I also made a preset that pairs it with T. Lottes' CRT shader, which is perfectly suited to CGA content:
I called this one c64-monitor in the 'presets' subdirectory of the shader repos
I made the presets force a 640-pixel width, since that seems to be the sweet spot for this shader, which isn't surprising seeing as many of the games that relied on artifact coloring used a 640x200 mode. I'm not very familiar with any of the classic computer cores that could take advantage of this shader, but I'd love to hear comments from anyone who gives them a shot.
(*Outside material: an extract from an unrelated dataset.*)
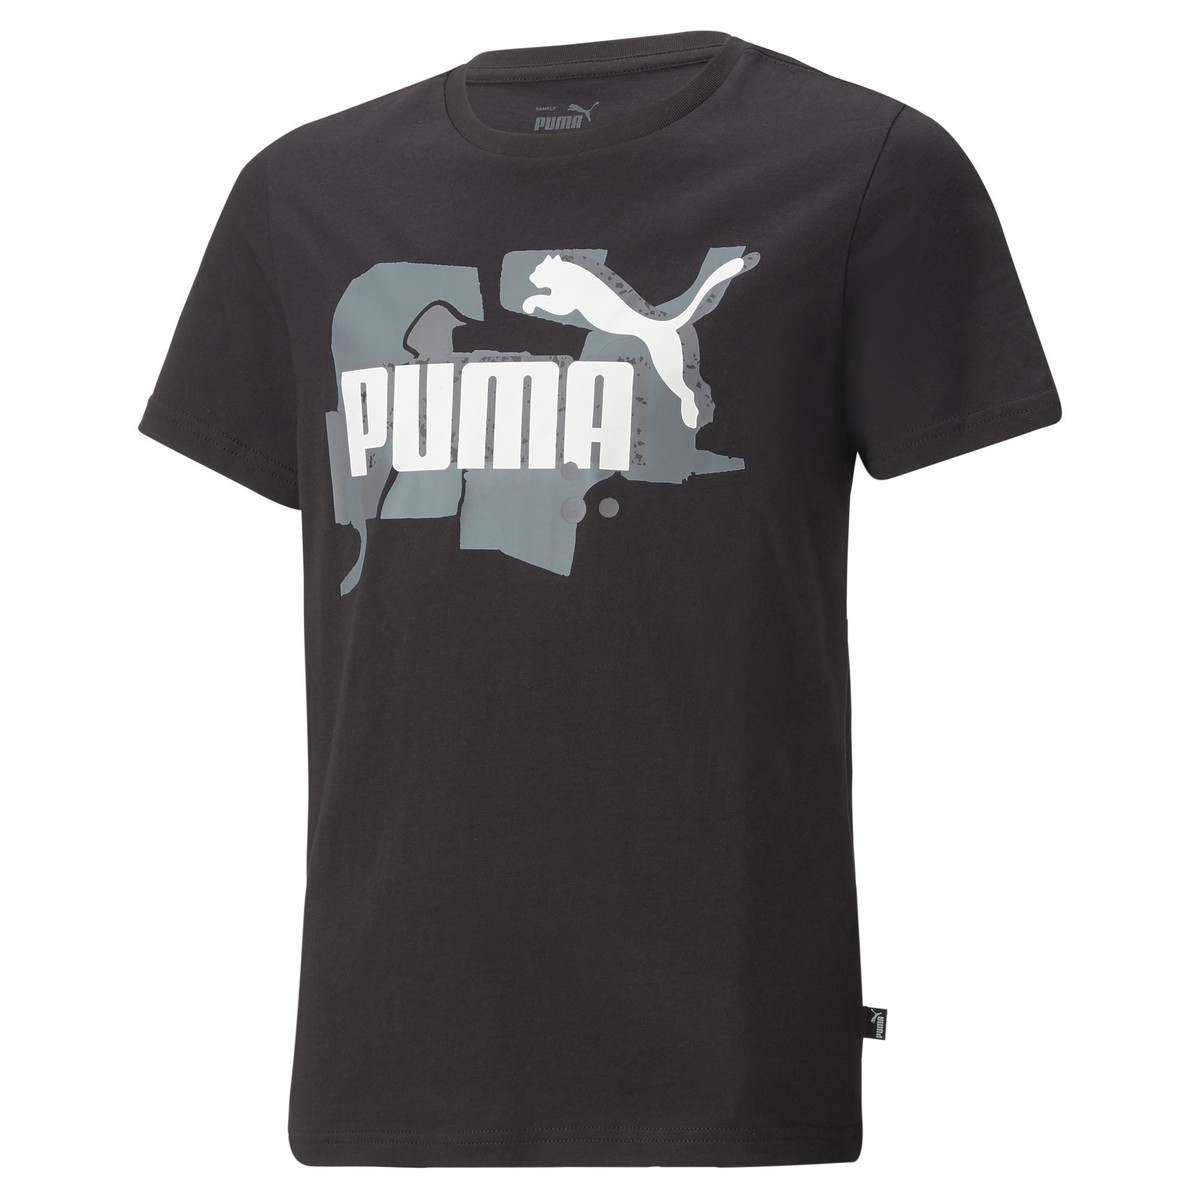 Weitere Preissenkungen! Puma ESS STREET ART Child | - Spartoo NET short-sleeved - Clothing delivery ! t-shirts Black Free LOGO
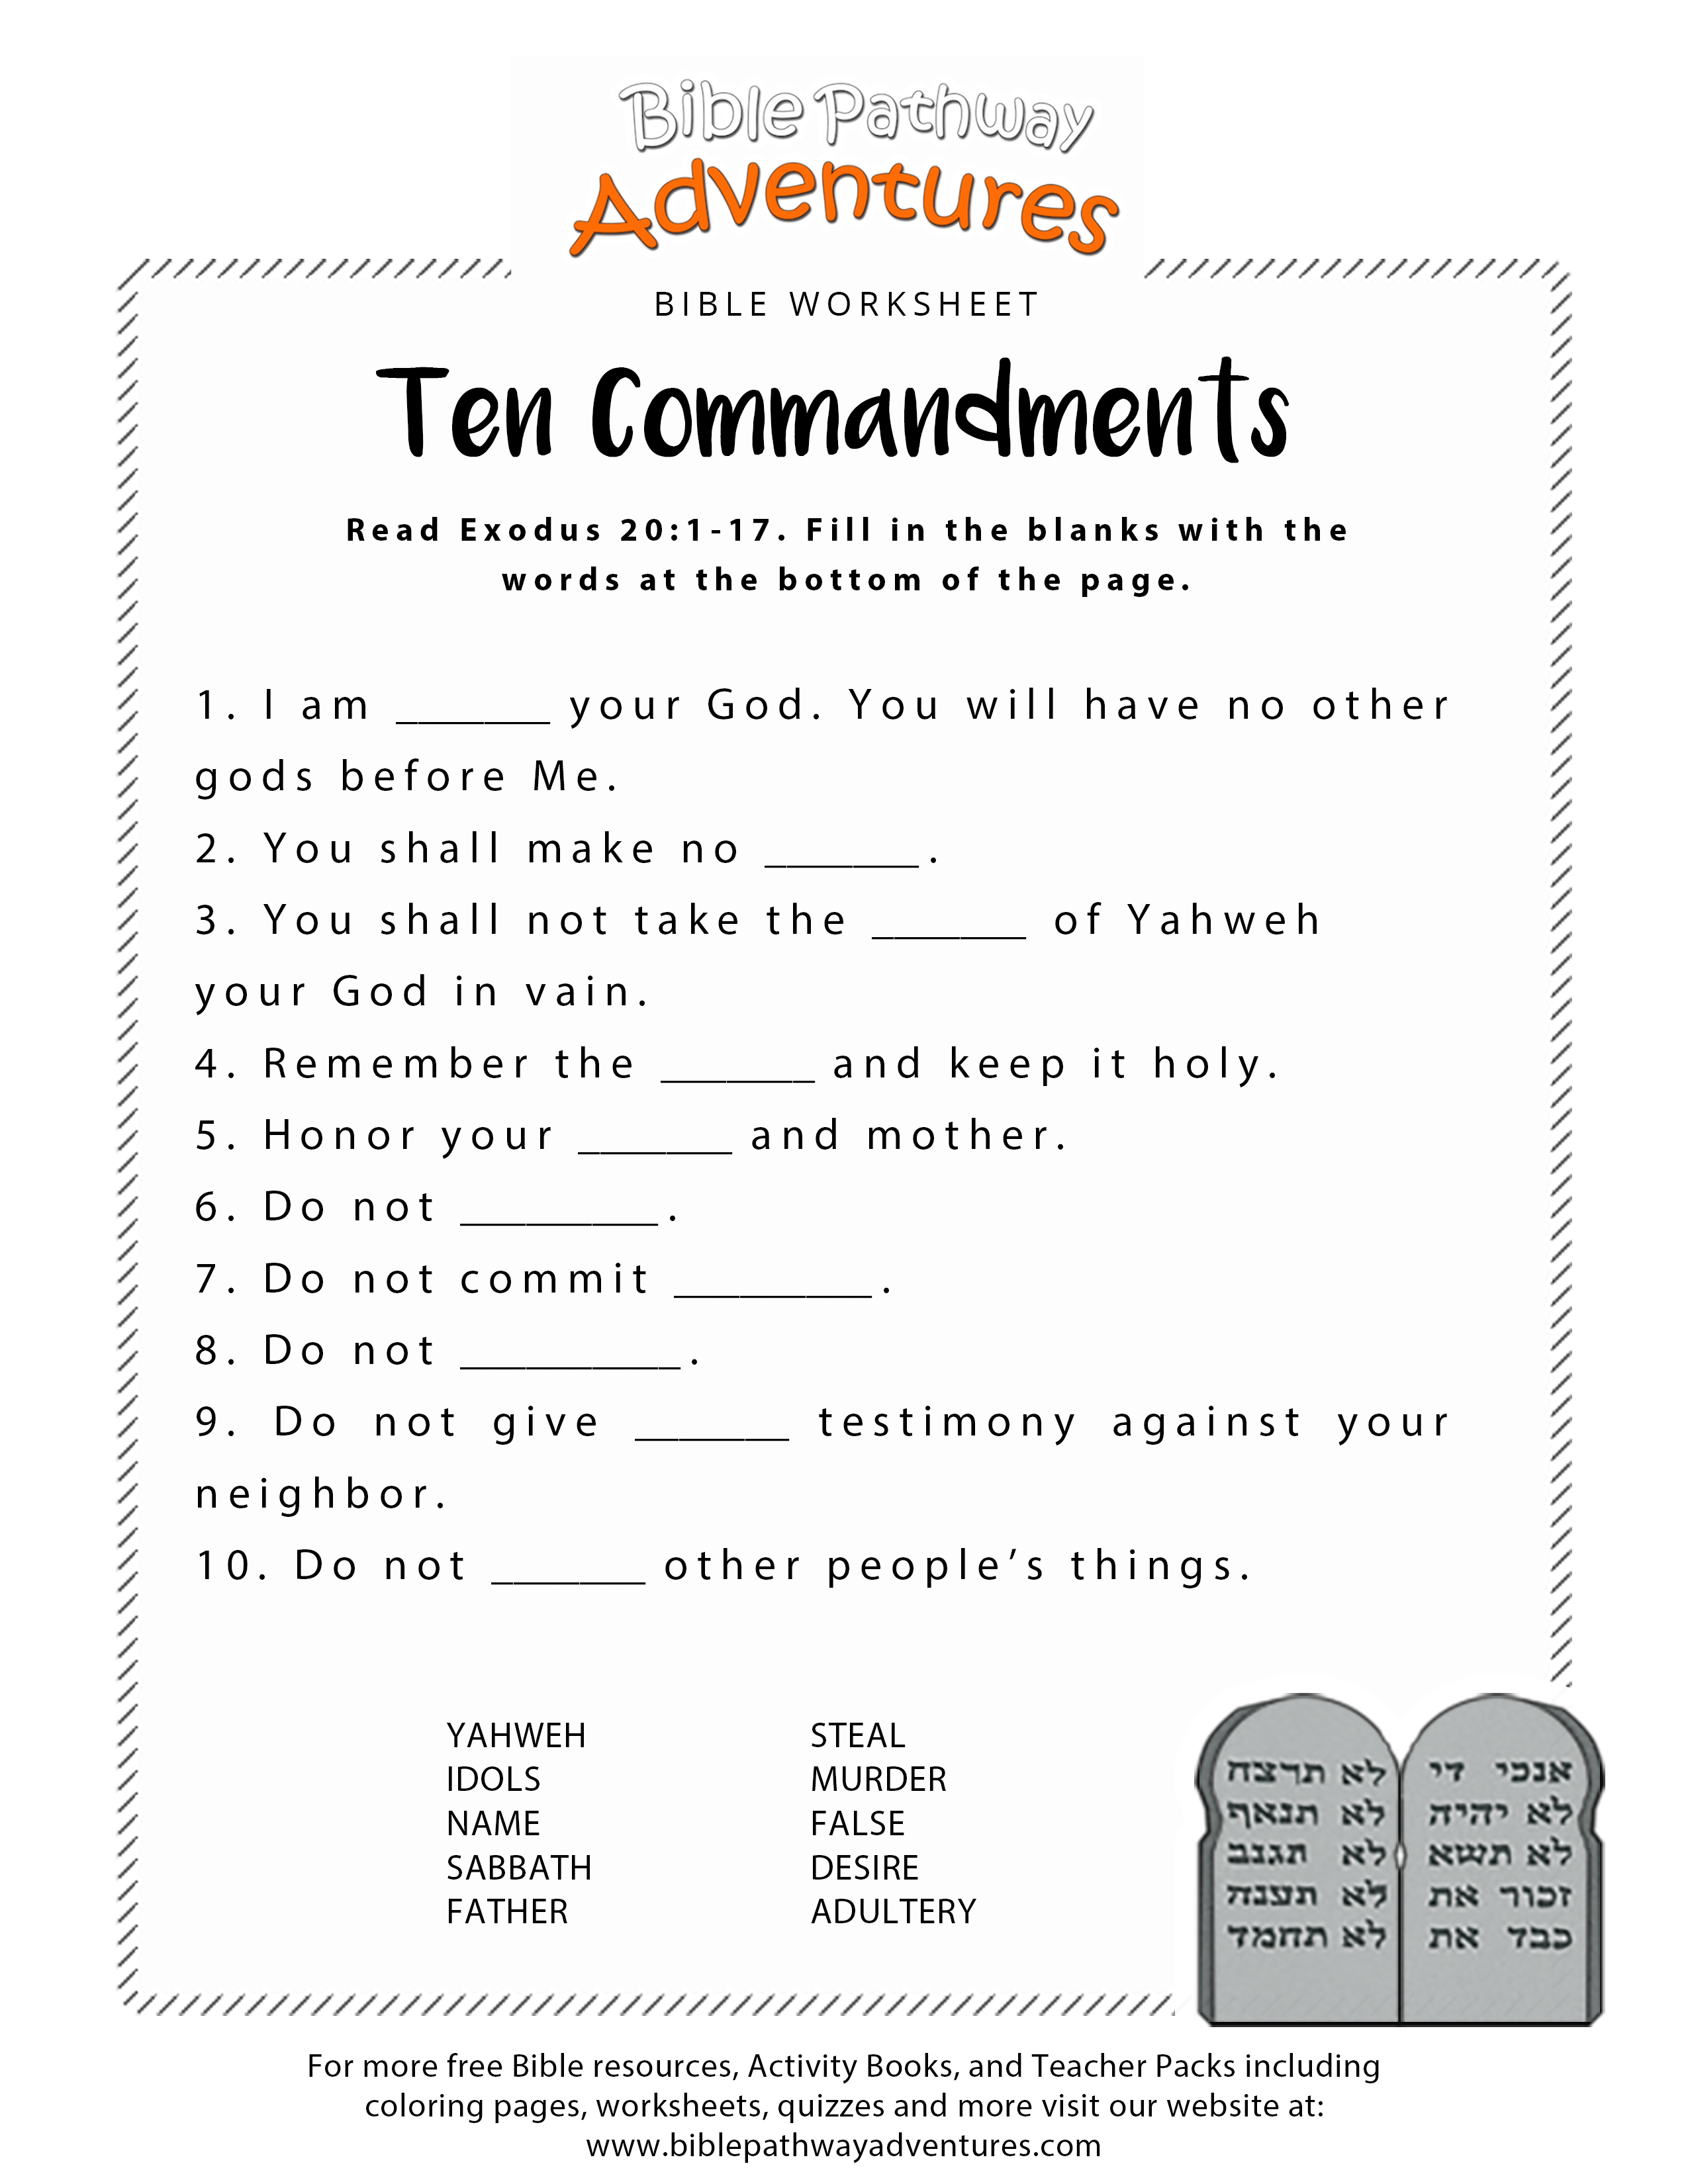 Ten Commandments Worksheet For Kids - Free Printable Children&amp;amp;#039;s Bible Lessons Worksheets

This preset also looks pretty darn good for general use, though it does a strange green/magenta strobe thing on Sonic's waterfalls and probably other pseudo-transparency:

CRTSim

This one from J. Kyle Pittman / PirateHearts is similar to the CRT effect in You Have To Win the Game:
It doesn't try to be accurate, it just looks nice and runs fast. While it does the whole bevy of old TV effects, including a really nice per-channel color persistence that can be used to reproduce the characteristic red smear of a failing CRT, my favorite part of it is the LUT-based NTSC effect. It uses a simple texture of diagonal colored lines:
This looks gray, but it's actually red, green and blue diagonal lines
and mixes it in with the main image based on differences in brightness between each pixel and its neighbors. For such a simple concept, the result is very convincing, and it even does a reasonable job of "passing" the NTSC crosstalk test-ROM (with certain settings):
Also of interest with this shader is the choice of permissive public domain licensing, so people can integrate it into their games and other programs without fear of licensing conflicts.

Both of these shaders are available in RetroArch's regular GLSL and slang/Vulkan formats. Artifact Colors is also available in RetroArch's Cg format and for ReShade, courtesy of user Matsilagi, who has also ported a number of other RetroArch shaders to ReShade. On-topic but not pictured are two NTSC shaders derived from MAME's NTSC shader implementation, one multipass and one single-pass. I haven't gotten them to work properly in GLSL format, only slang, and all of my Vulkan screenshots have their red and blue channels swapped for some reason right now, so I couldn't share any shots of them. You can get a taste from their shadertoy implementation, though.